China will force a French journalist who criticised its treatment of its Muslim Uighur minority to leave the country, her employer, the weekly l'Obs news magazine, says.
The press visa of Ursula Gauthier, the magazine's Beijing correspondent, expires on December 31 and Beijing has refused to grant an extension, saying a report she wrote supports acts of violence by Uighurs that China considers terrorist activity.
The story, dated November 18, suggested that China was using last month's Paris attacks to justify crackdowns on Uighur people in northwest China's Xinjiang region.
Hundreds have been killed in recent years in the region, beset by ethnic tensions that Uighur groups blame on repressive government policies while China denies any human rights abuses and says it faces a campaign from Islamist radicals and separatists.
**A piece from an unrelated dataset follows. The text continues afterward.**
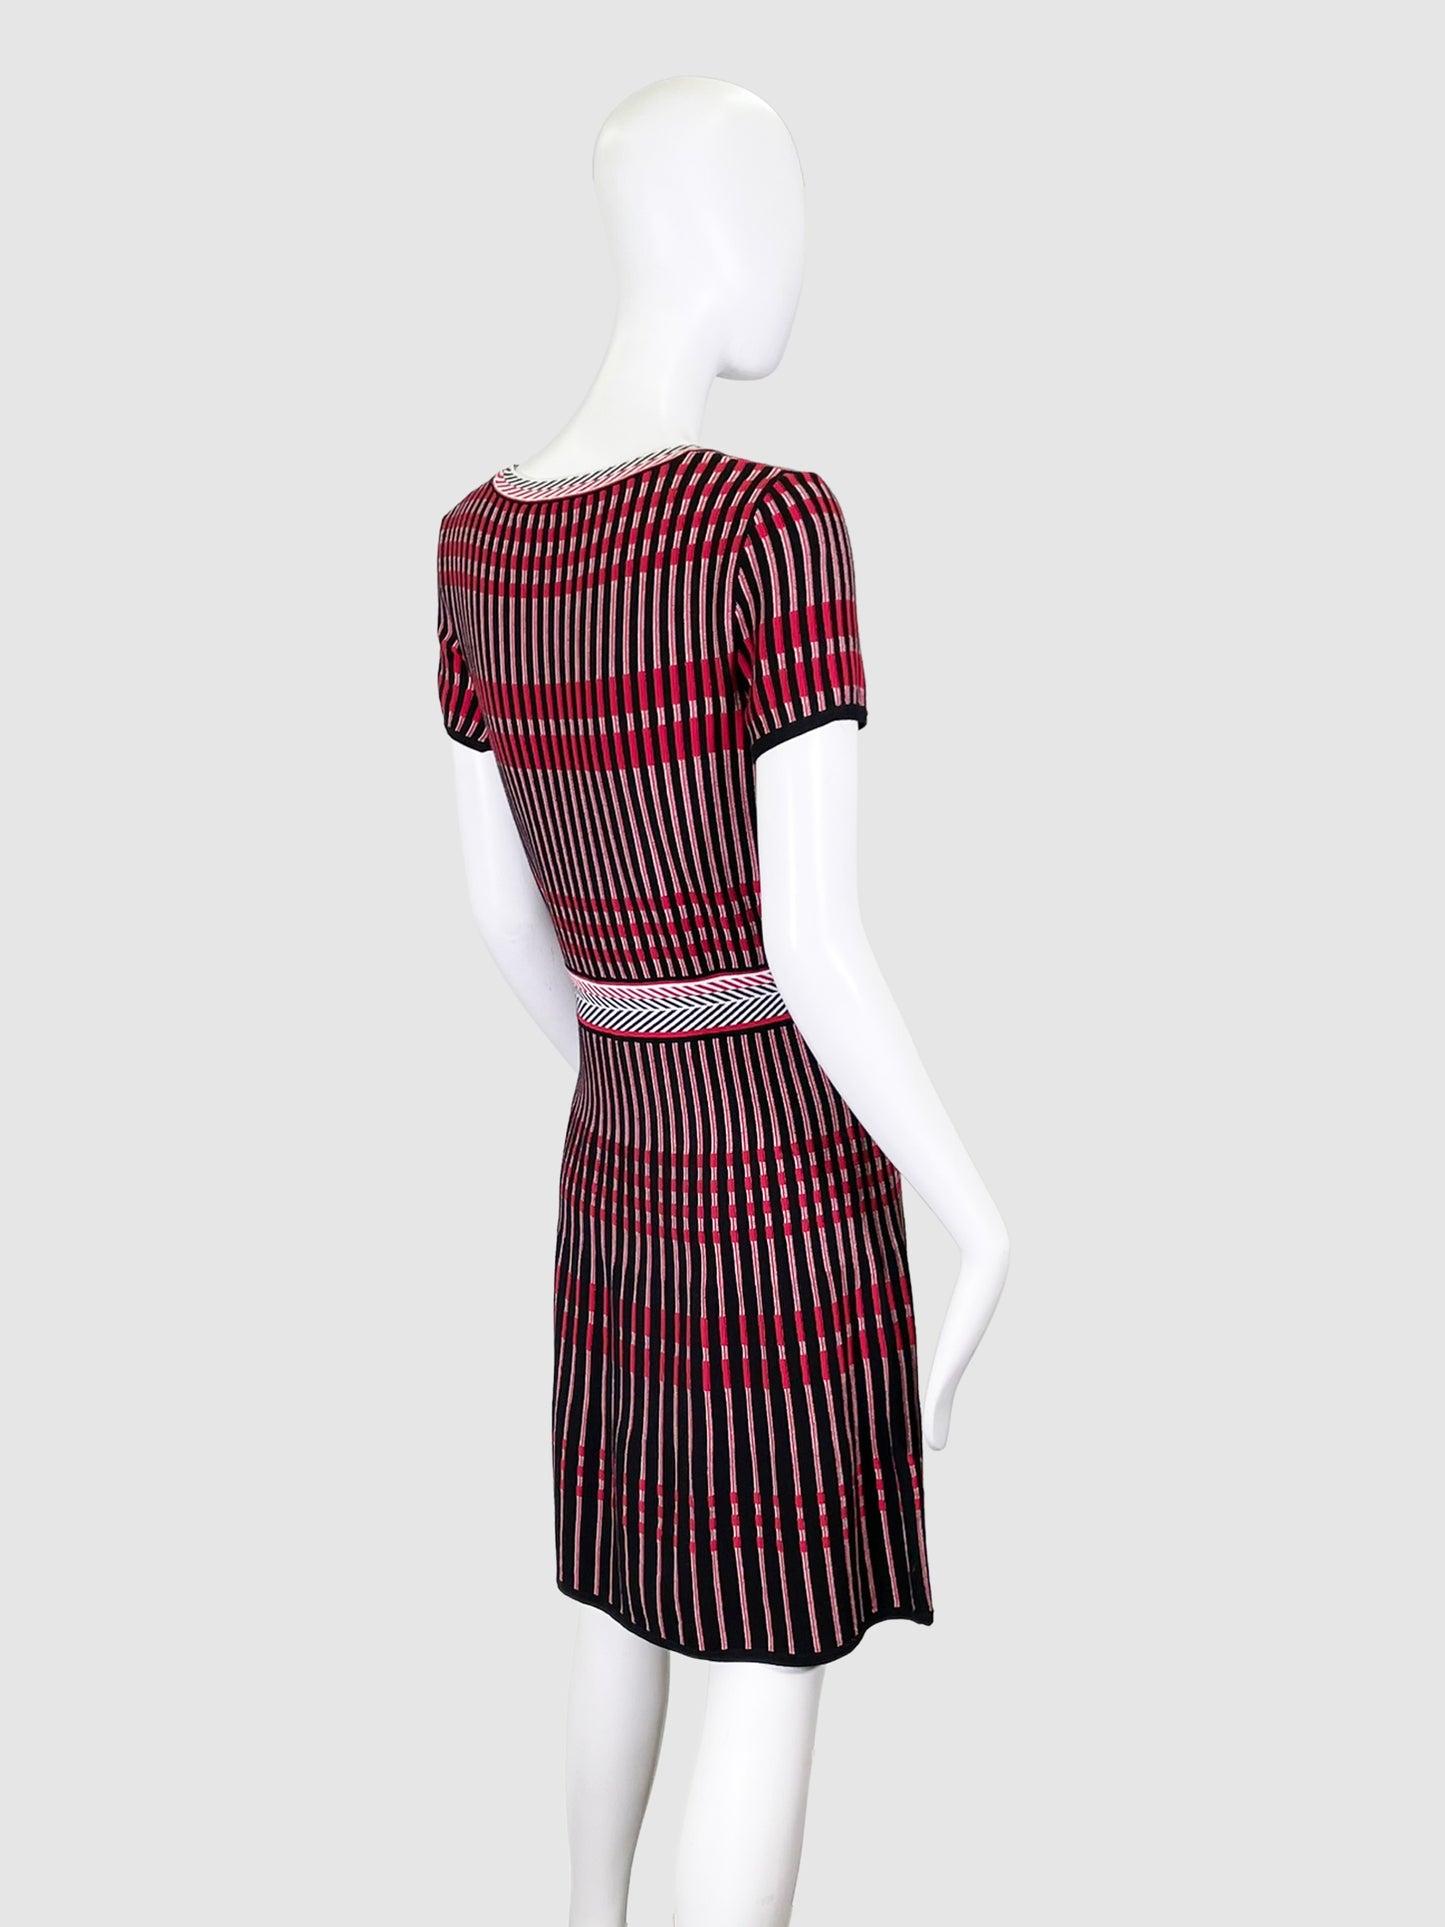 Hugo Boss Red Stripes Knit Dress - Size S

L'Obs said Gauthier was the subject of editorials in state-controlled media and even death threats after her article was published.
A Chinese foreign ministry spokesman, Lu Kang, said the article "openly supports terrorist activity, the killing of innocents and has outraged the Chinese public". His comments appeared in a question-and-answer posted on the ministry's website on Saturday.
Lu added that because Gauthier did not make a public apology, she could not work in China.
L'Obs, which changed its name from Le Nouvel Observateur in October 2014, said on Friday it stood by its correspondent.
It wrote in an editorial that China's refusal to extend her visa represented a "major incident" at a time when France and China were strengthening their economic, cultural and diplomatic ties.
The French foreign ministry on Friday issued a terse statement in which it regretted that her visa was not renewed. "France would like to remind how important it is for journalists to be able to work everywhere in the world," it said.